As for the DT's, I would work on keeping the baseline a bit tighter on the tail board. This could just be due to the surface of your practise peice or something else, but I would think you'd want them a bit tighter if this is the method your choosing in your case construction. I have just recently completed a case that was dovetailed together in a similar fashion, the overhang of the top and bottom of the case. It was tedius work on the large scale compared to drawer dt's or case dt's that get covered up. These are on display and had to be perfect. I will post pics soon.

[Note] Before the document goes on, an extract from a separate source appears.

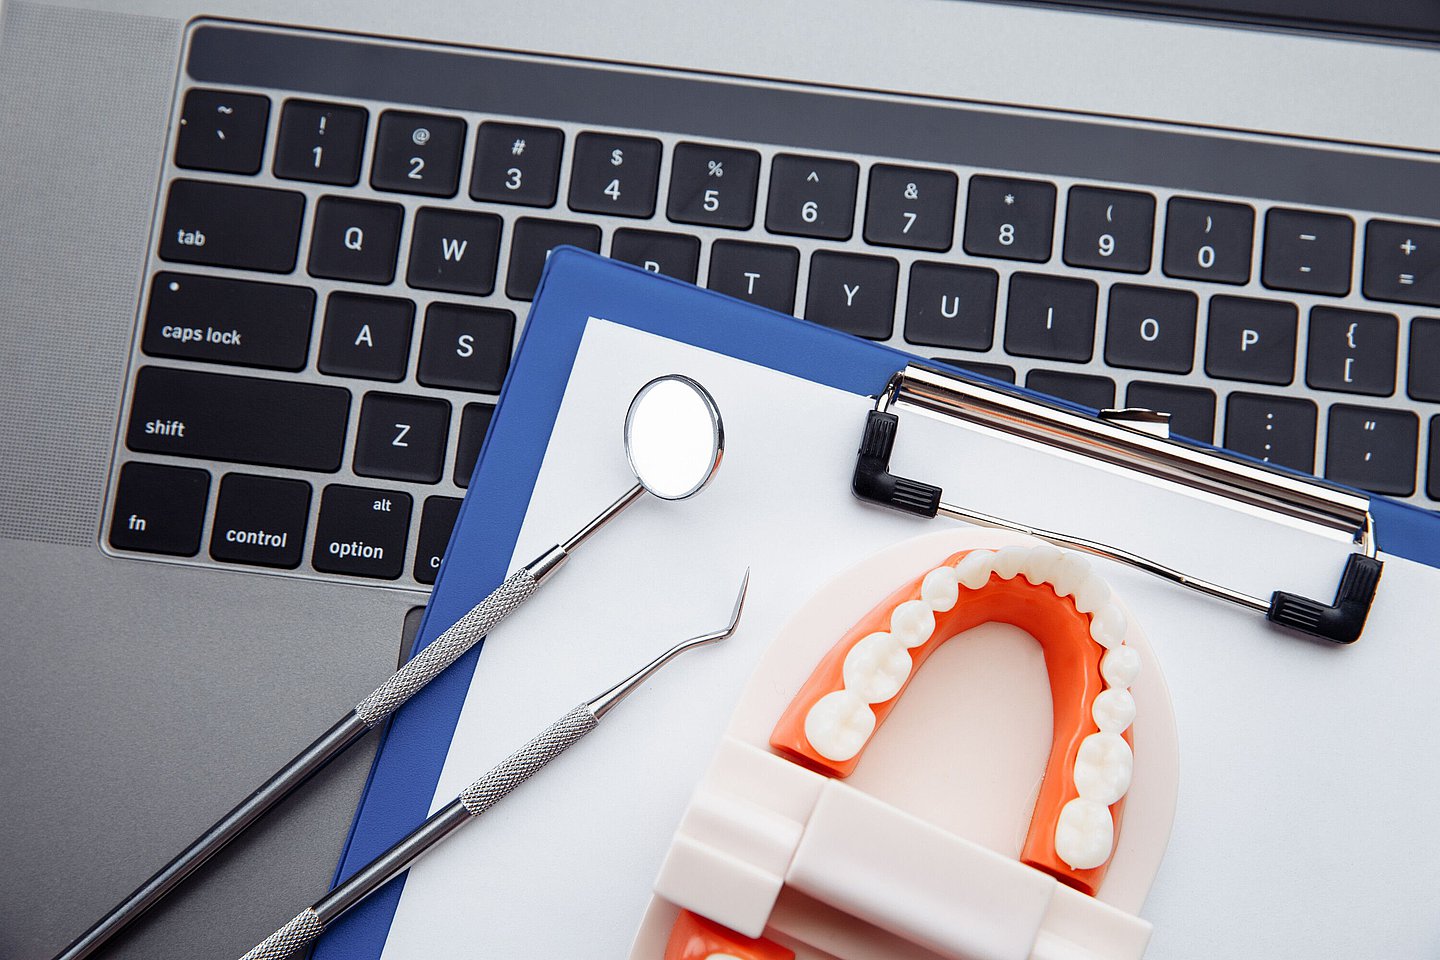 Zahnarztbesteck liegt mit einer Klemmmappe auf einer Tastatur.

Anyways, your cabinet should turn out great with those choice of woods especially if using Krenov as your inspiration. Good luck and take your time.

John A. Callaway
11-23-2010, 6:24 PM
thanks for all the replies guys... I hadnt thought about ripping it out and doing a glue up... Hmmm... dont know what to do... Since I cut it today ... I think I will give it a week to see if it decides to change its shape any. If it does, i will do some glue ups... If not, I may just run with it.

Sorry about the spelling...

and the half blinds... thanks for the tips. I will cut several more sets before I go to the project parts with the tools...

I have done regular dovertails till I was blue in the face. I think I have them down ...

http://i78.photobucket.com/albums/j87/trainman0978/DSCN2653.jpg

And here is a quick mock up of the cabinet I am going to start working on in the next few weeks...

http://i78.photobucket.com/albums/j87/trainman0978/DSCN2725.jpg

http://i78.photobucket.com/albums/j87/trainman0978/DSCN2727.jpg

http://i78.photobucket.com/albums/j87/trainman0978/DSCN2730.jpg

Tony Shea
11-24-2010, 9:48 AM
That is a nice peice of maple you've got there. Now I remember that under the bench tool storage. The bench that sits in the dining room if I remember correctly, thats some good stuff. Wish I could get away with putting my bench upstairs, wont happen until hell freezes over though. Good luck.

John A. Callaway
11-24-2010, 1:15 PM
thats right. I showed my wife where Chris Schwarz wrote about how he hoped to eventually move his bench into the house so he could be around his family more.... she didnt buy it. My only saving grace right now is the lack of a garage... but I also can't have things like a band saw until we move... and the dining room is starting to get sort of crowded... but it works.

John Goodridge
11-25-2010, 11:09 PM
It is an issue of risk management. What is the cost (in money, time, grief) to replace or cut and glue the stock to remove the pith vs what is cost to have it crack after you have spent the time and effort to build your piece. There is also the probability of it cracking. Of the pieces in the photo the lower left and upper right have what look like radial cracks already. I would guess it will likely crack over time. I would suggest removing the pith now.

David Keller NC
11-26-2010, 10:50 AM
Ditto what John said - Don't use those boards with the pith intact - they are highly, highly likely to crack along the pith line with a few years of moisture changes.

If you've the width, you should be able to get a stellar grain match by sawing out the pith and gluing the boards back together. Since they're quarter-sawn, there's no cathedral figure that needs to be pieced back together, which is usually impossible and is one reason cheap, random-width panels glued from narrow flatsawn boards looks so bad.

John A. Callaway
11-26-2010, 3:20 PM
I think I am going to cut them up and do glue up. I noticed three of them already have cracks starting in the middle of these pieces. all are only 7 inches wide and 11 to 14 inches long.

thanks guys.

Also... must have tool of the day... cabinet scraper.

going to head by savannah tool house and pick one up in the next few days...

some of this walnut has some extreme grain changes in few small areas...
the number three spotted them rather quickly.